Ara memijat kepalanya dengan kedua tangan. "Tiri, dia adik tiriku. Apa kau salah satu tamu pestanya semalam, kau tahu ke mana Kim pergi dan meninggalkan tempat ini menjadi sarang pesta liar berandalan seperti temanmu itu?!" tukas Ara tak dapat mengontrol emosi. Dirinya sangat frustrasi akan keadaan di apartemen.
"Sayangnya bukan," jawab pria berambut cepak tersebut sambil mendekati Ara dengan mengeluarkan selembar kartu nama.
Ara melihatnya sambil mengeja nama yang tertera di sana. "Jayden Harvey, Agency artis dan mod—"
"Simpan ini dan hubungi aku jika Kim berhasil kau temukan," sela pria yang diketahui bernama Jayden.
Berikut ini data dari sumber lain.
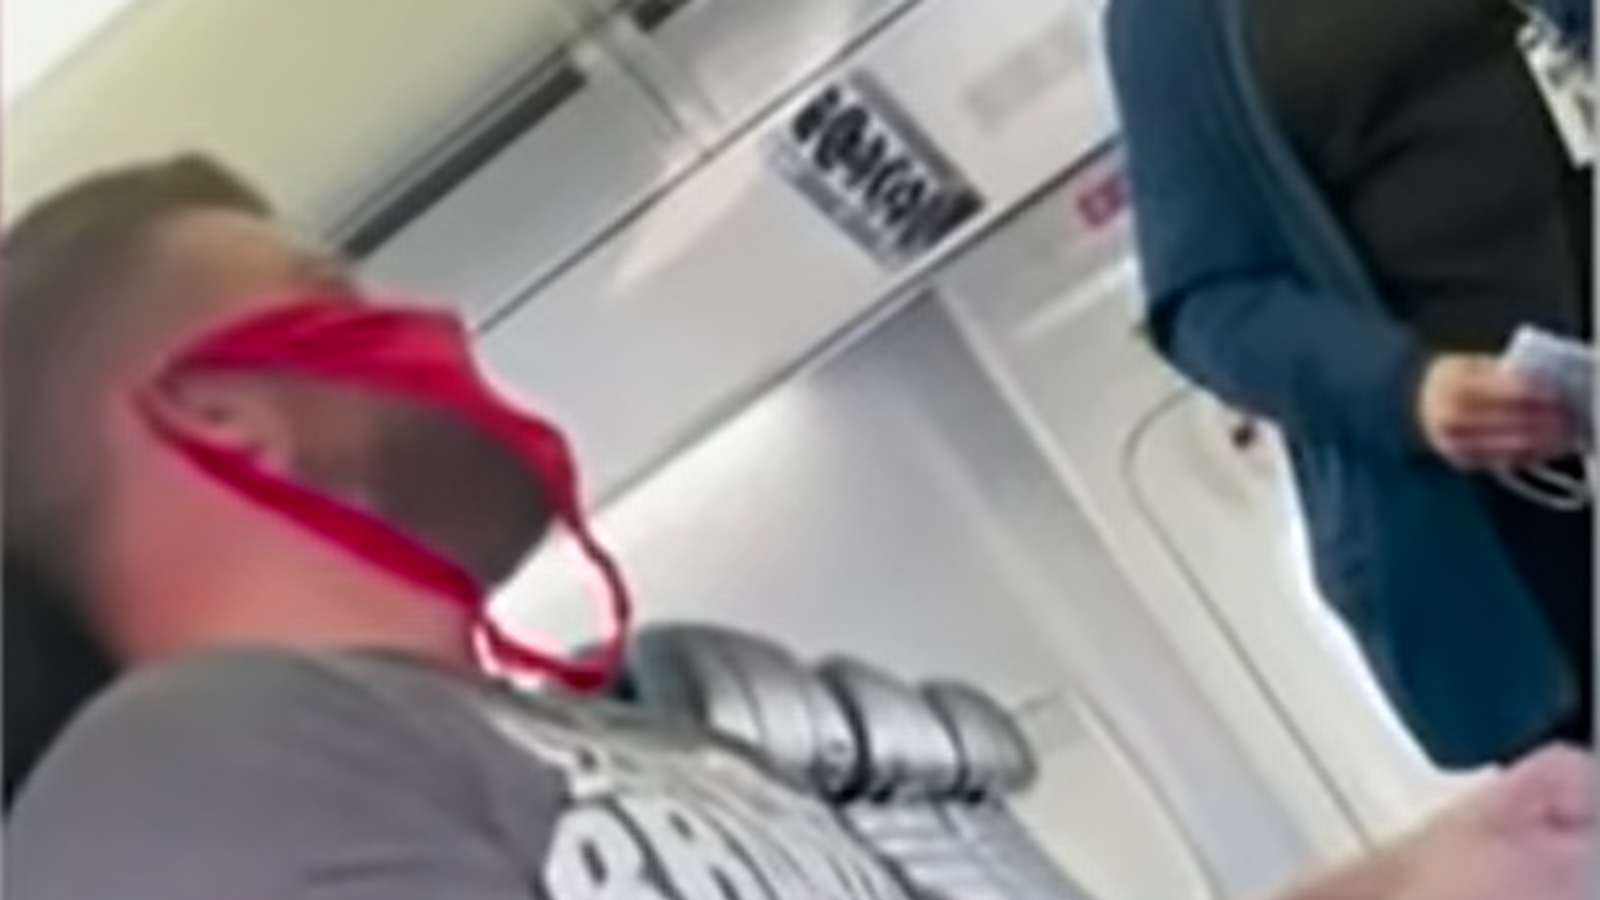 Man kicked off flight for wearing women's underwear as face mask, US News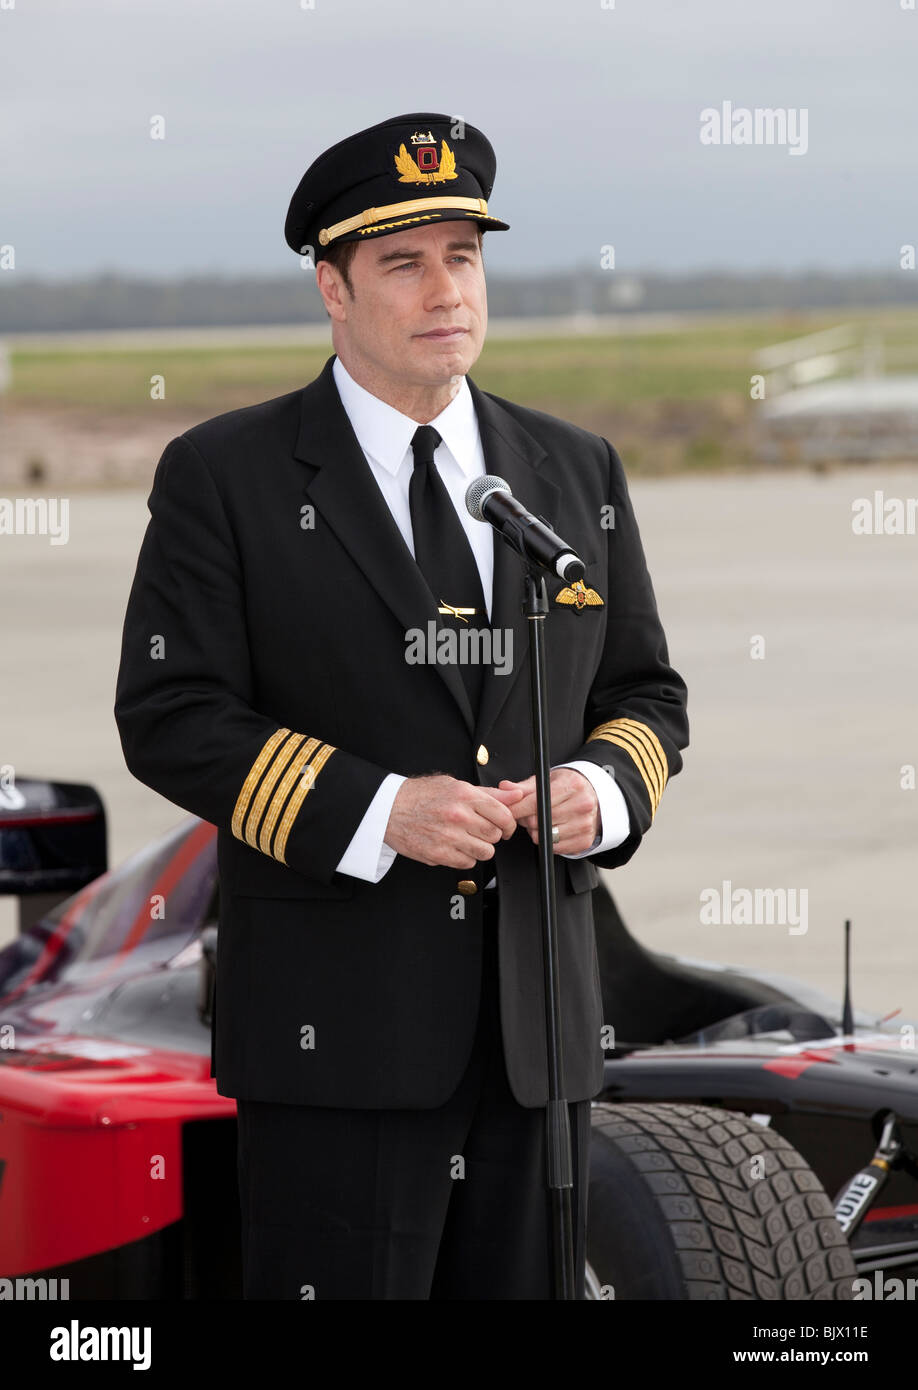 John Travolta portant l'uniforme de pilote de Qantas, aéroport de Melbourne, 2010. Banque D'Images

Namun, bukannya mengambil kartu tersebut Ara malah mengabaikannya dan berkata bahwa dirinya tak turut campur urusan Kim. Dia datang hanya untuk memberi adiknya pelajaran agar berhenti bermain-main.
"Maaf, Tuan Harvey. Aku bukan baby sitter-nya. Jika kau ada urusan dengannya, maka lebih baik kau bantu aku mencarinya!" tandas Arabelle berjalan keluar.
Jayden akhirnya menyerah mengurus Nick setelah membaringkan pria itu ke ranjang lalu mengikuti Ara ke ruang tamu. Ditambah dengan jawaban dari Ara yang tampak membuatnya semakin kesal. Jabatannya manager, tapi dia seperti baby sitter para modelnya yang bertindak seperti berandalan.
"Asal kau tahu Nona sok tahu! Semalaman aku mencari adikmu setelah mendapat kabar dari Nick yang sudah dibuat teler demi menggunakan mobilnya. Jadi jika kau ingin tahu di mana adikmu, hubungi nomornya yang lain!" balas Jayden tak kalah sengit karena kesal sejak semalam dikerjai Kim.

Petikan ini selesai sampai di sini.